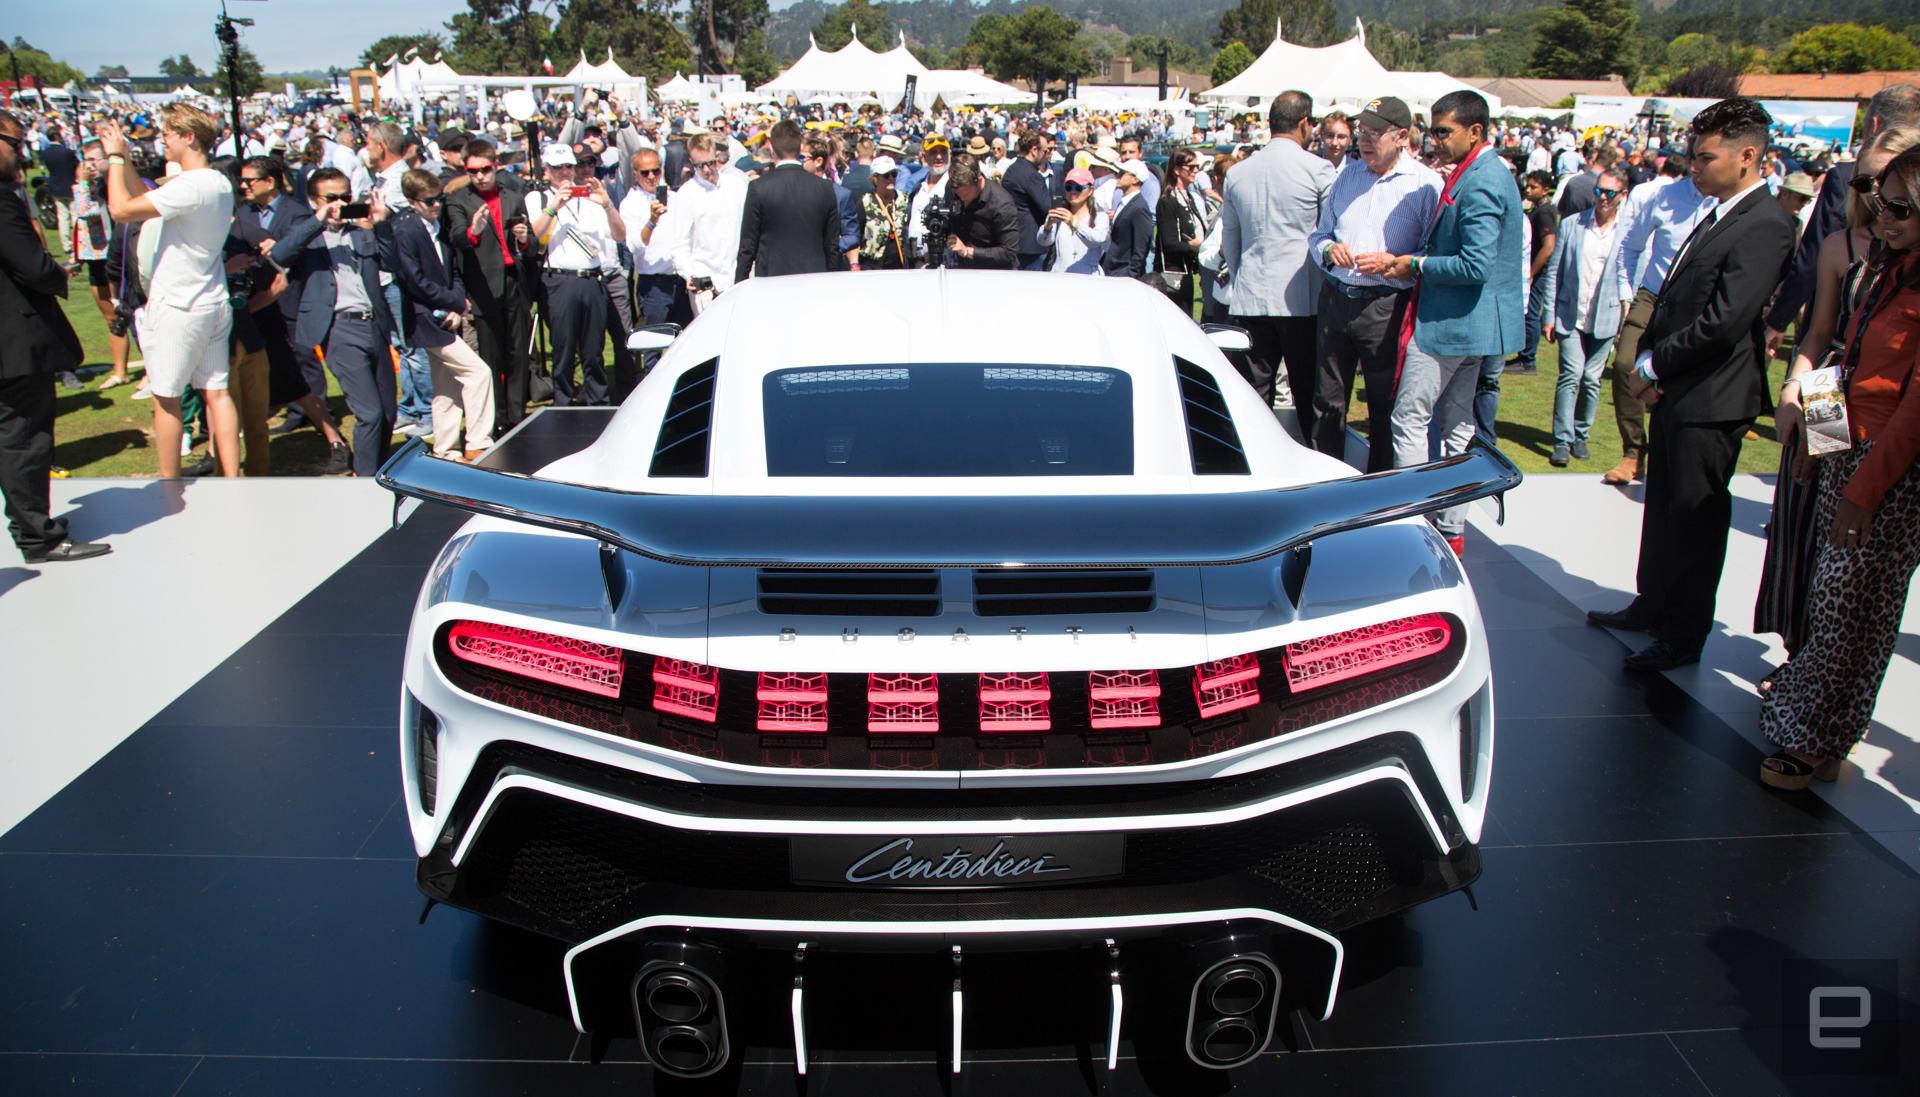 Bugatti Centodieci unveil
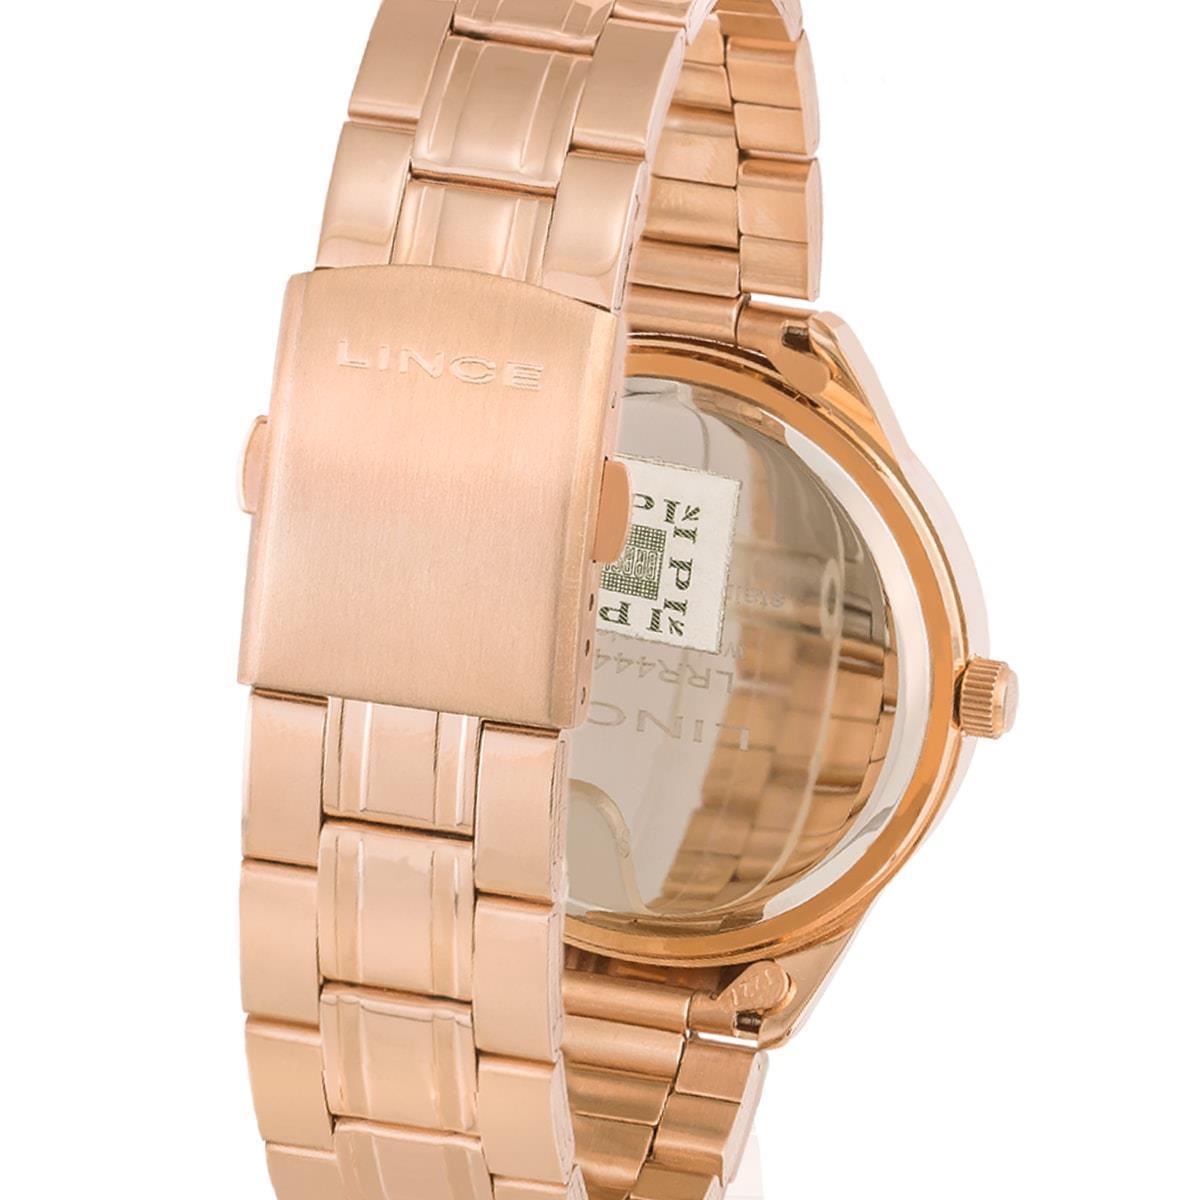 f03e9c45bde Relógio Feminino Lince Analógico LRR4440L R2RX Rose Produto não disponível
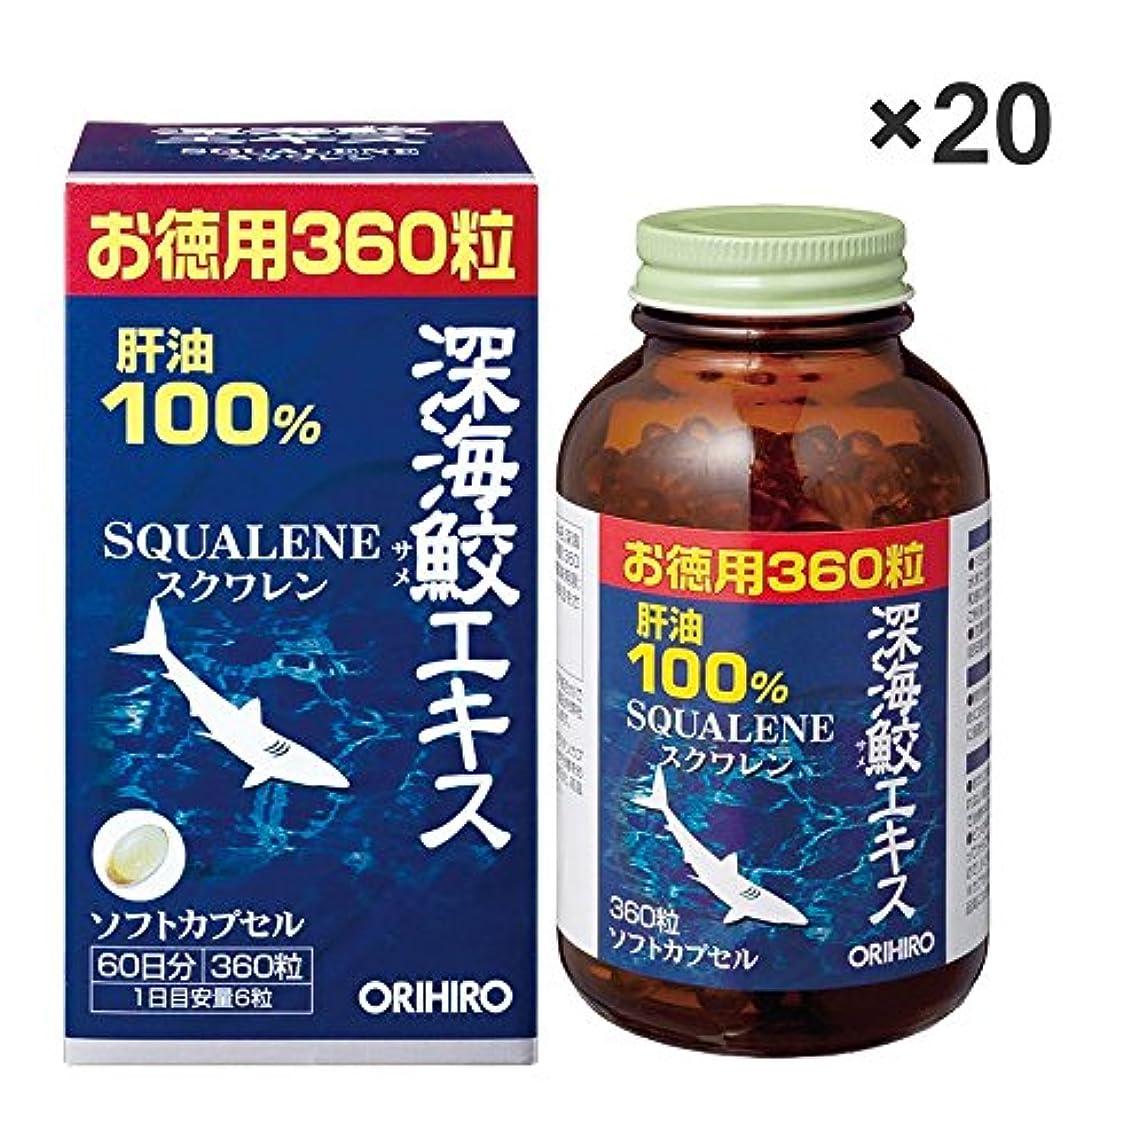 悪性腫瘍開示する賭け【20点セット】オリヒロ 深海鮫エキスカプセル徳用 360粒

● **TASK BRIEF**:
Return only the lines from the one that contains "f03e9c45bde Relógio Feminino" through the closing line of the data, inclusive, reproduced exactly and with every picture left out.

● **RESULT**:
 f03e9c45bde Relógio Feminino Lince Analógico LRR4440L R2RX Rose Produto não disponível
 悪性腫瘍開示する賭け【20点セット】オリヒロ 深海鮫エキスカプセル徳用 360粒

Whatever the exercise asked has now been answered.